Directions: If a record contains a picture, leave the picture out and reproduce everything else exactly.

# # # # #

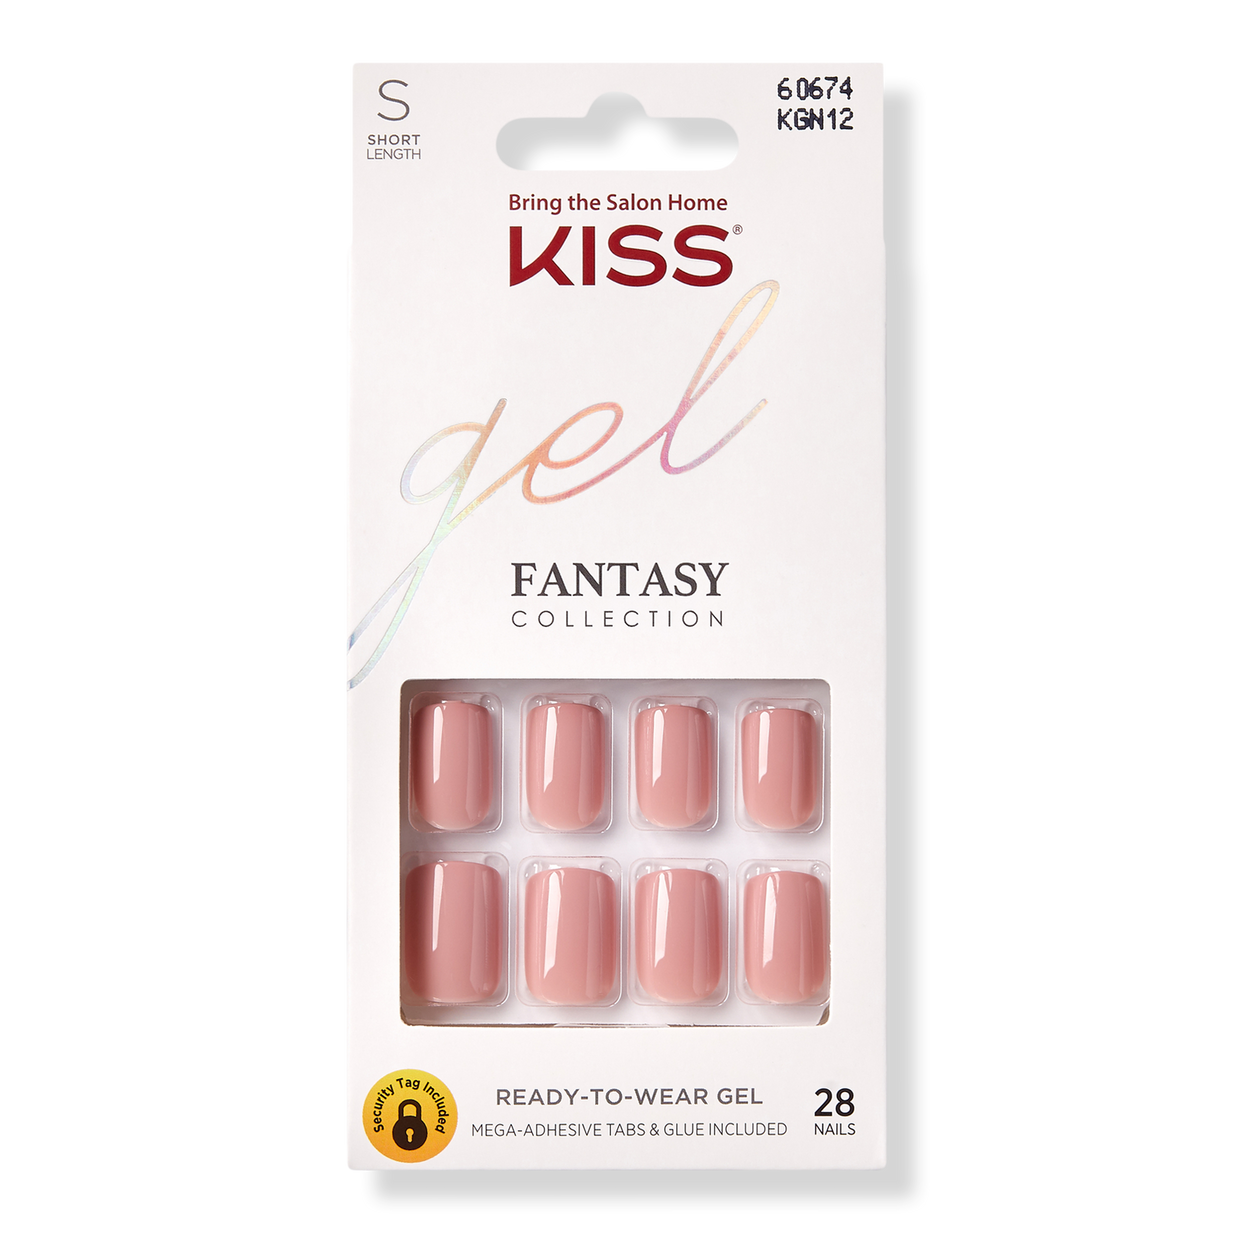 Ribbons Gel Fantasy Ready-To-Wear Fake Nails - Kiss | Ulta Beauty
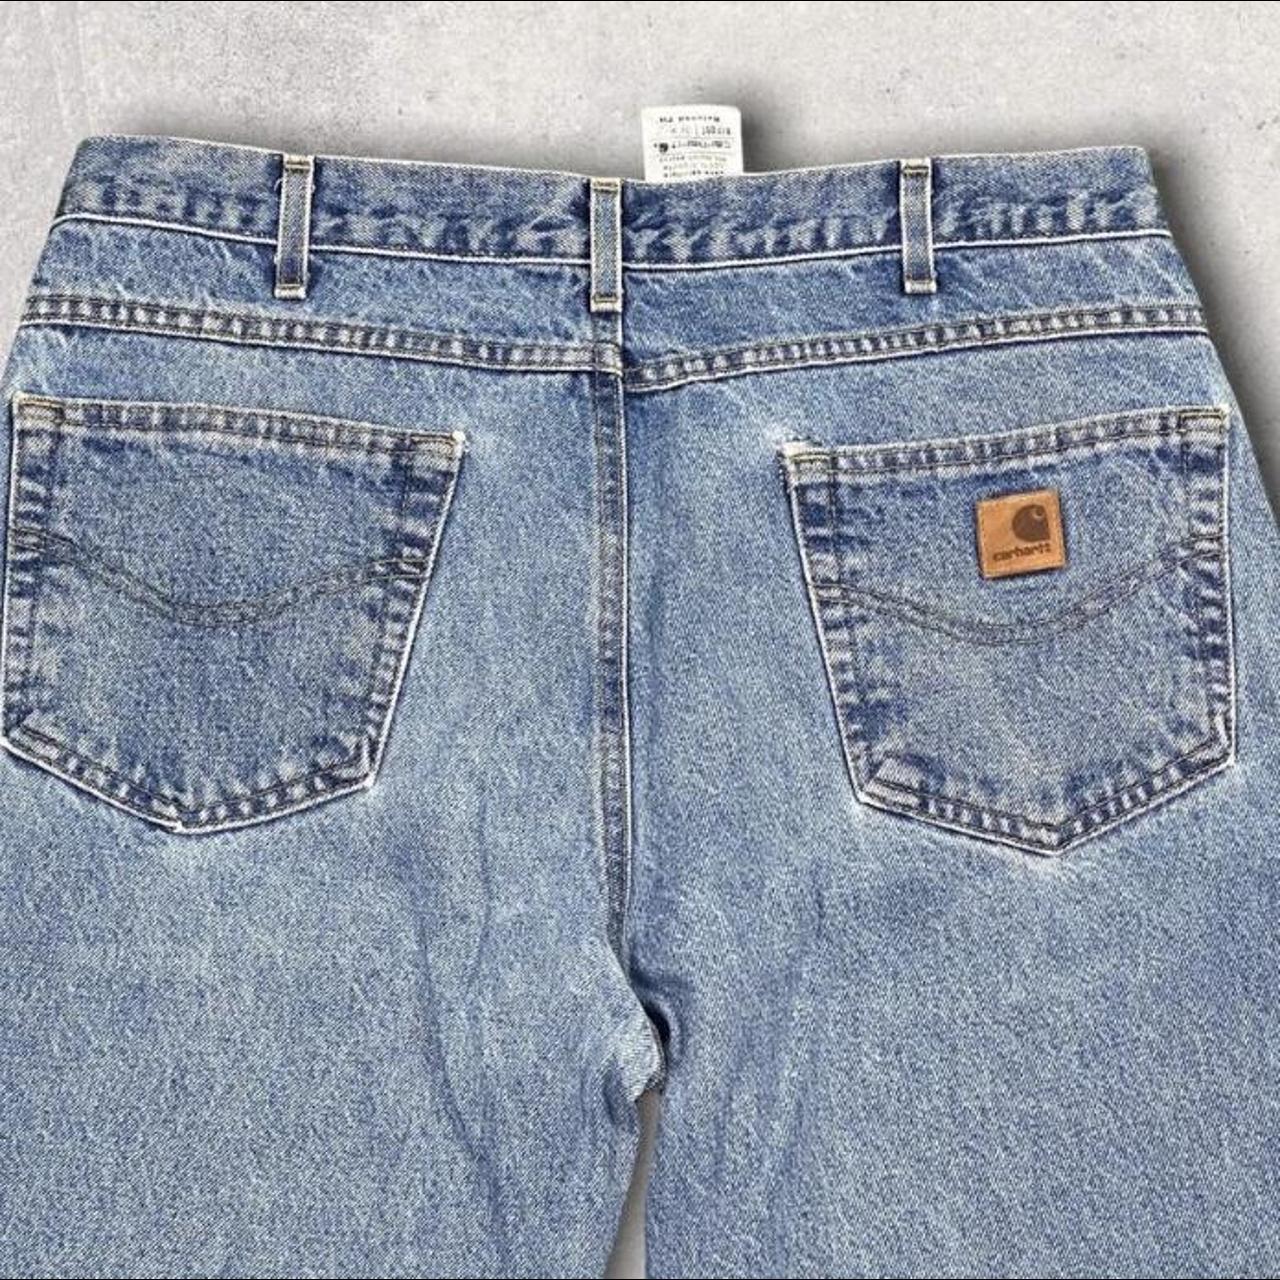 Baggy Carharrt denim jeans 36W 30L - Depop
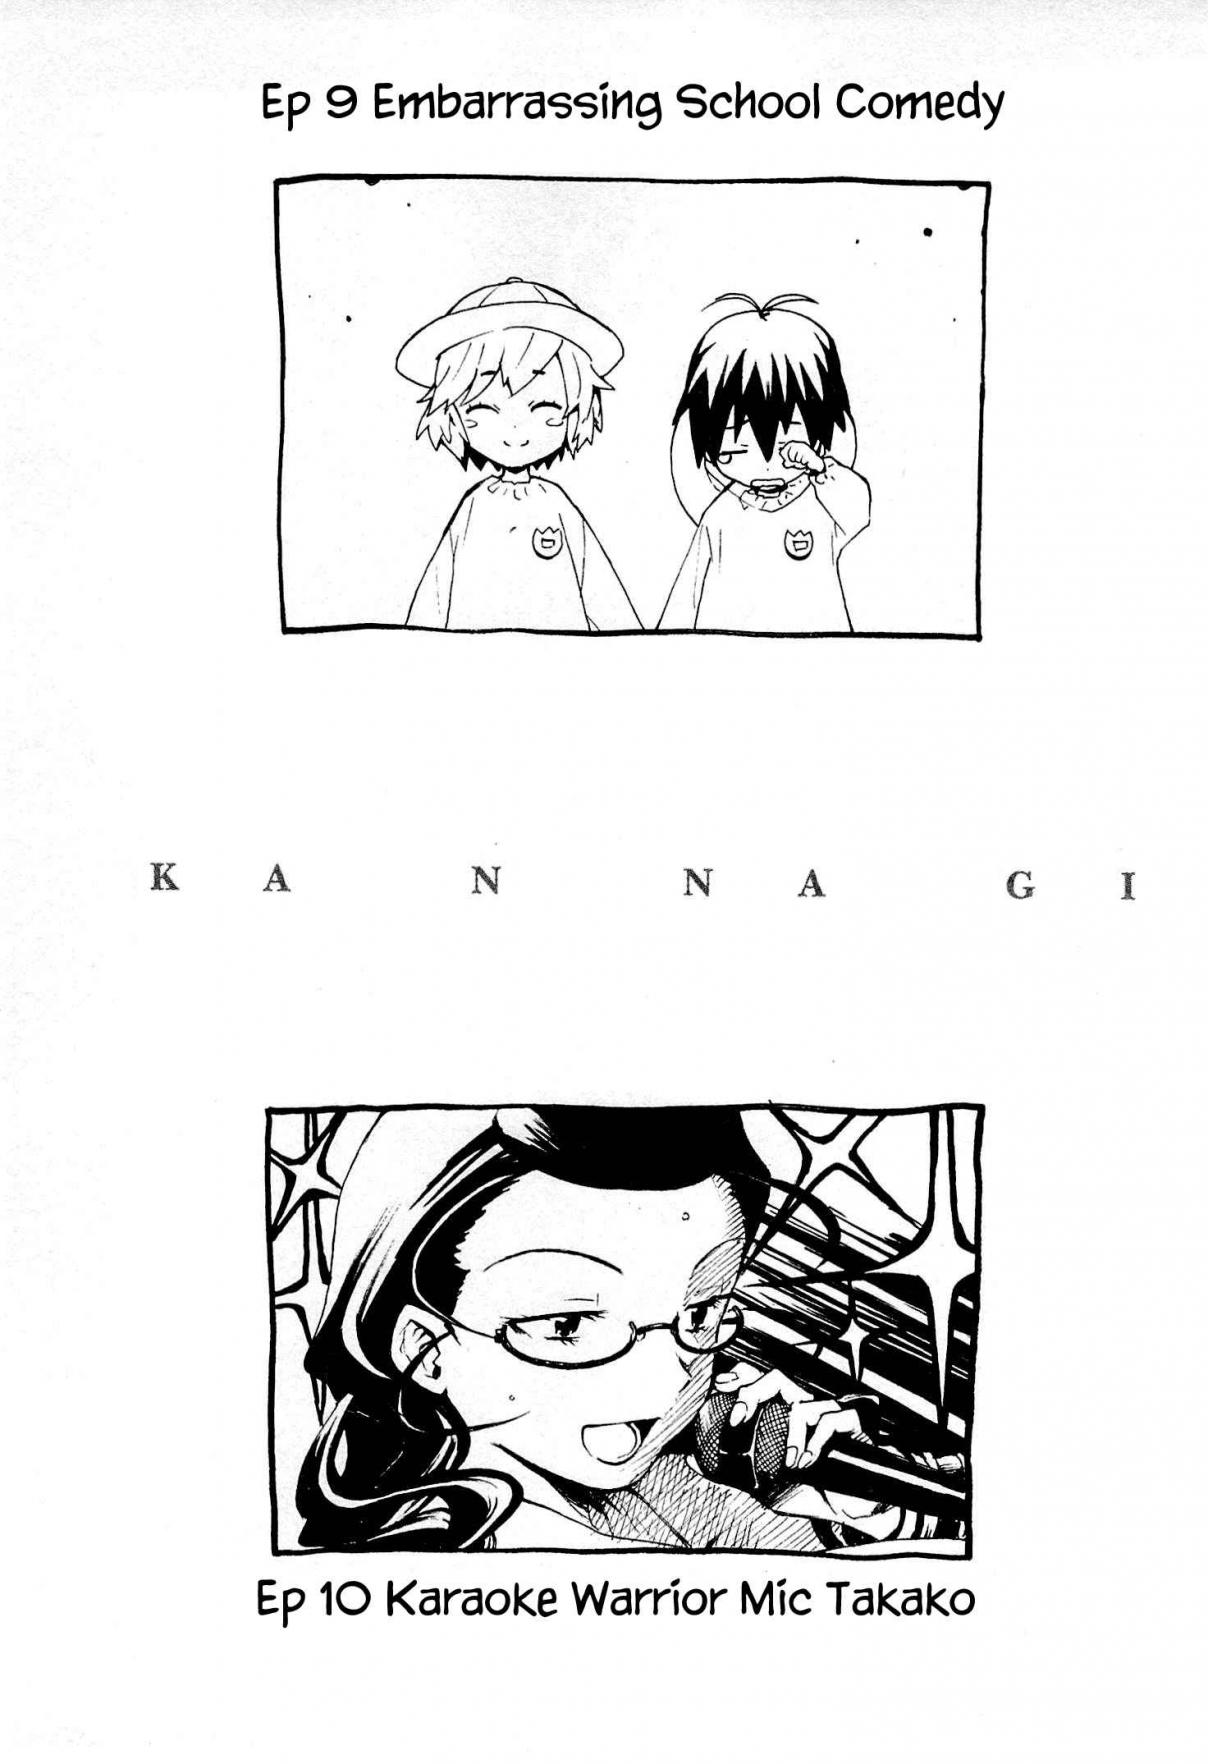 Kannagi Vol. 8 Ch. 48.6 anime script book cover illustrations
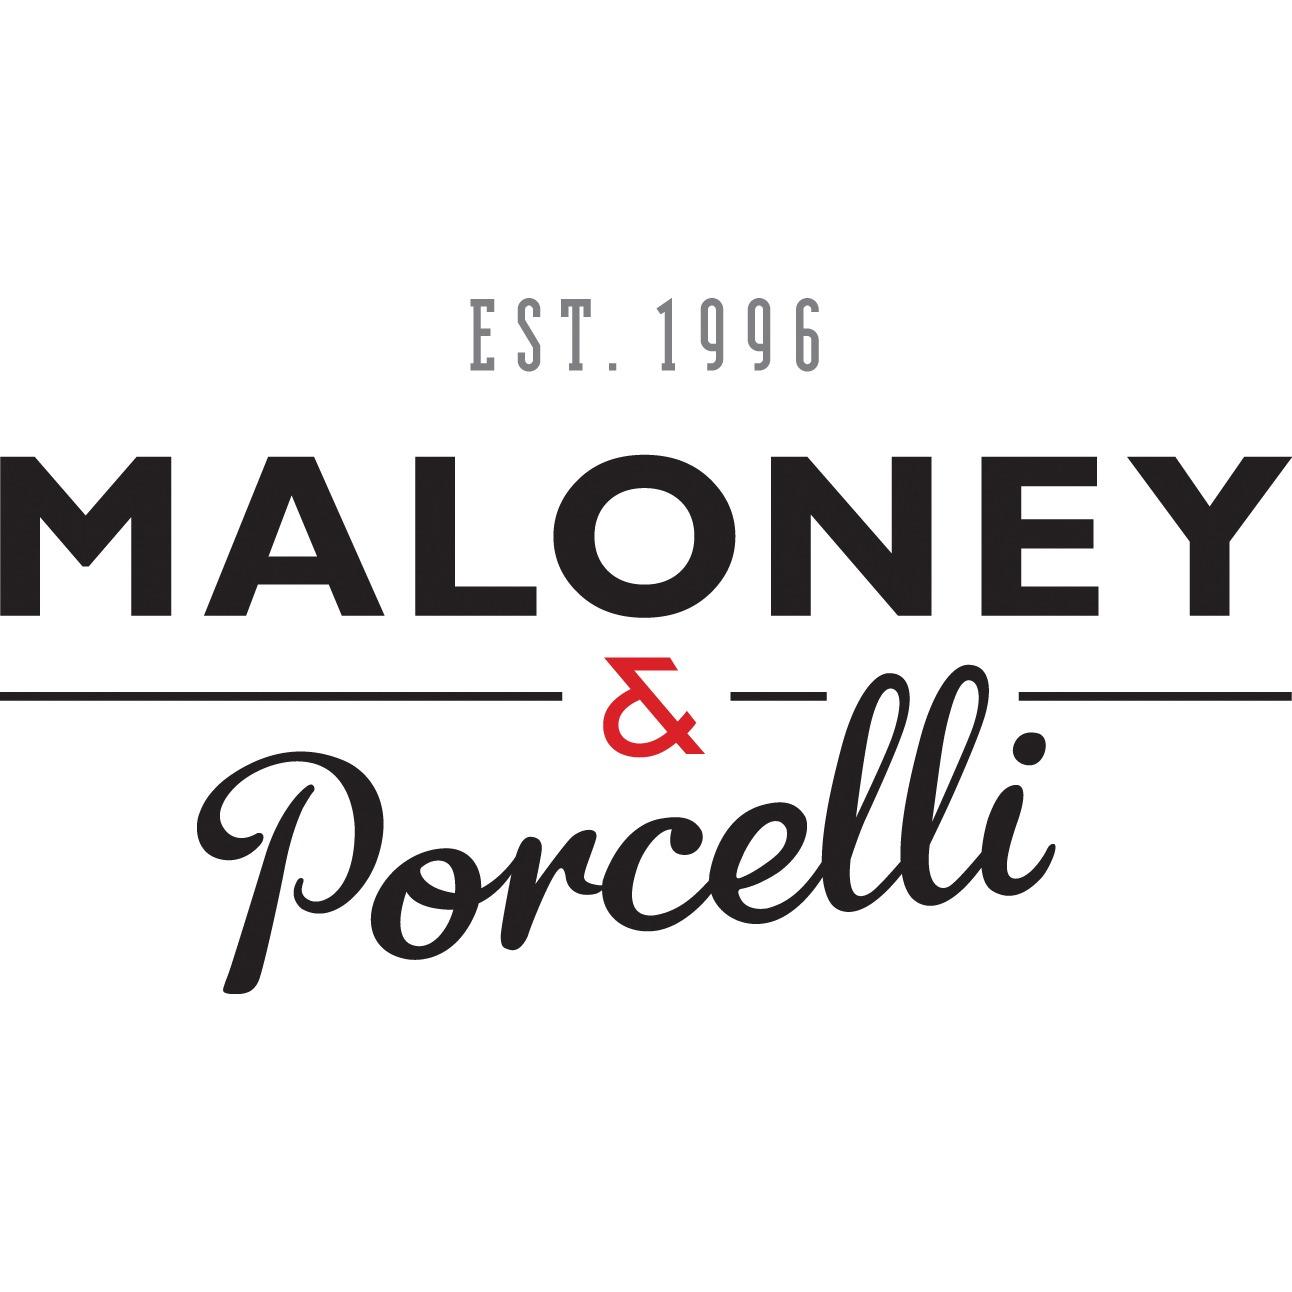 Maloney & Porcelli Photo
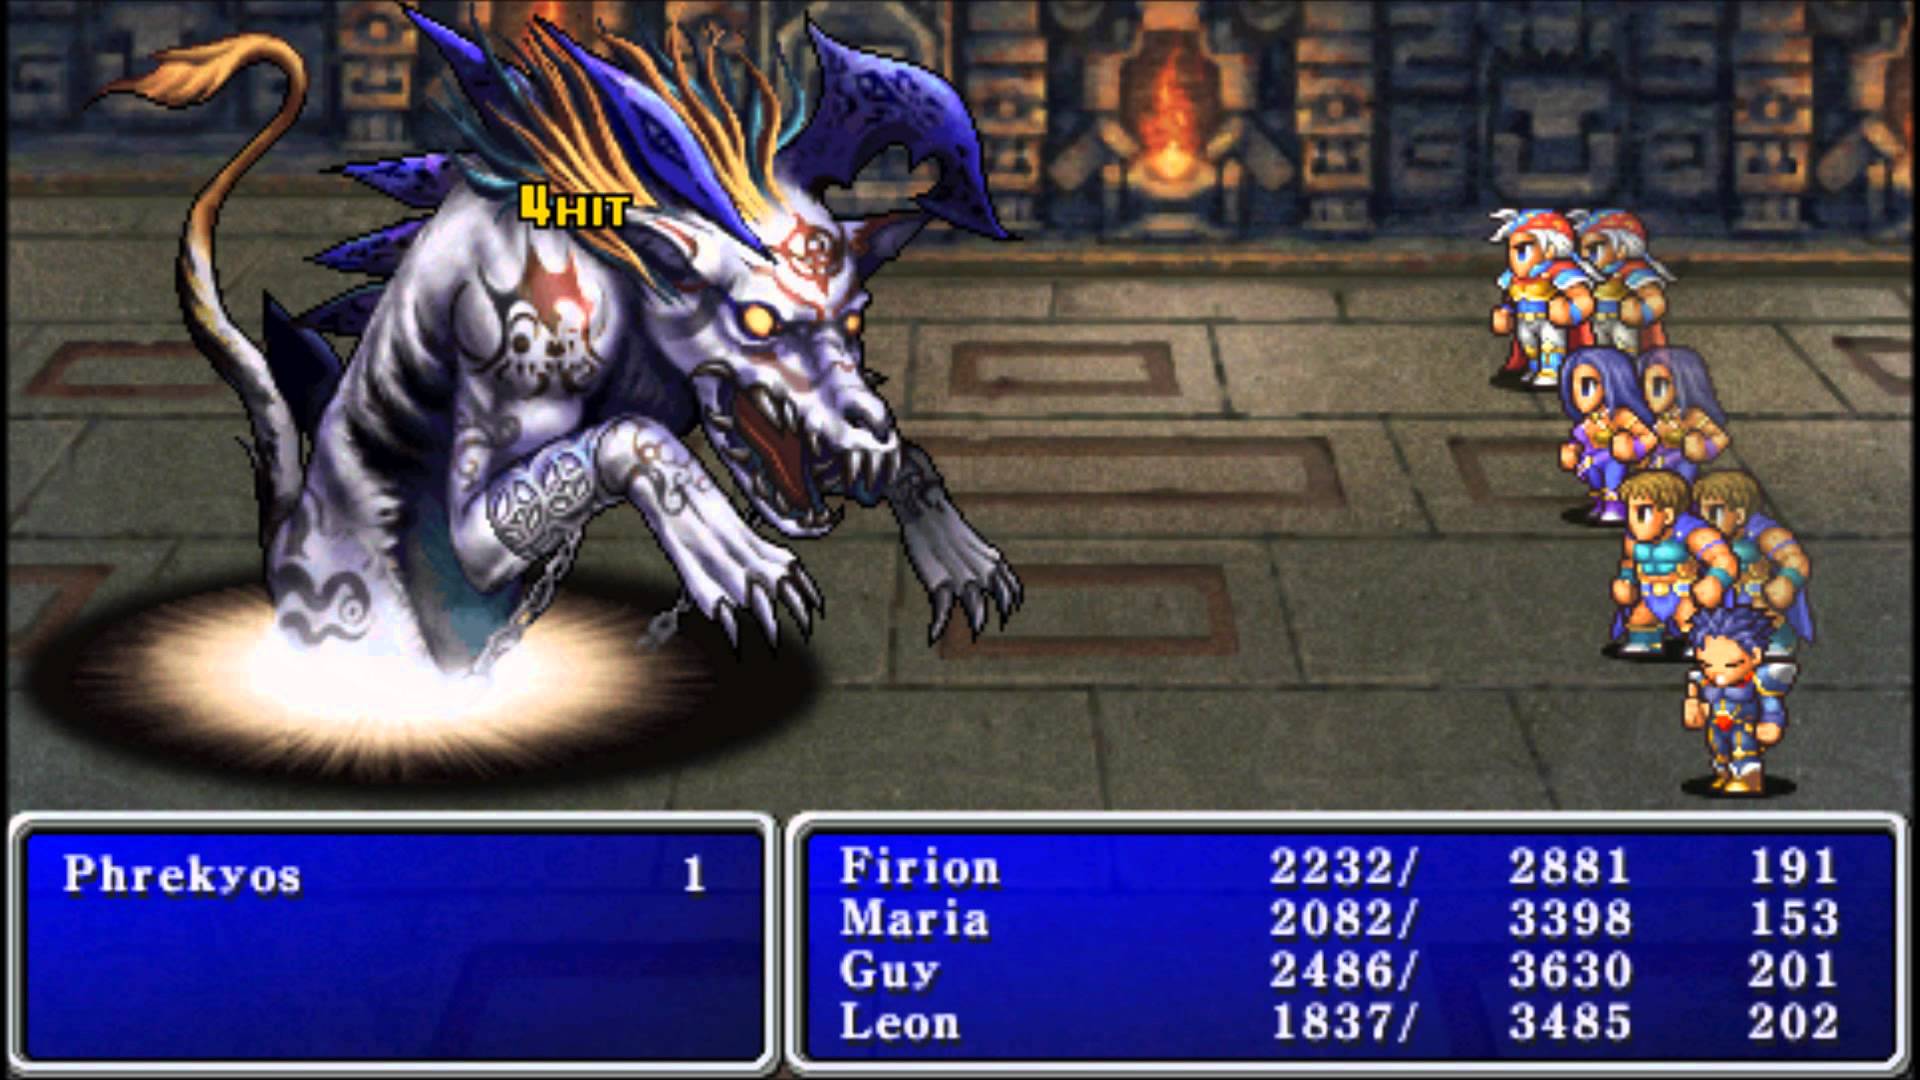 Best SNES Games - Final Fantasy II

# # # # #

Exercise result:
 Ribbons Gel Fantasy Ready-To-Wear Fake Nails - Kiss | Ulta Beauty
 Baggy Carharrt denim jeans 36W 30L - Depop
 Kannagi Vol. 8 Ch. 48.6 anime script book cover illustrations
 Maloney & Porcelli Photo
 Best SNES Games - Final Fantasy II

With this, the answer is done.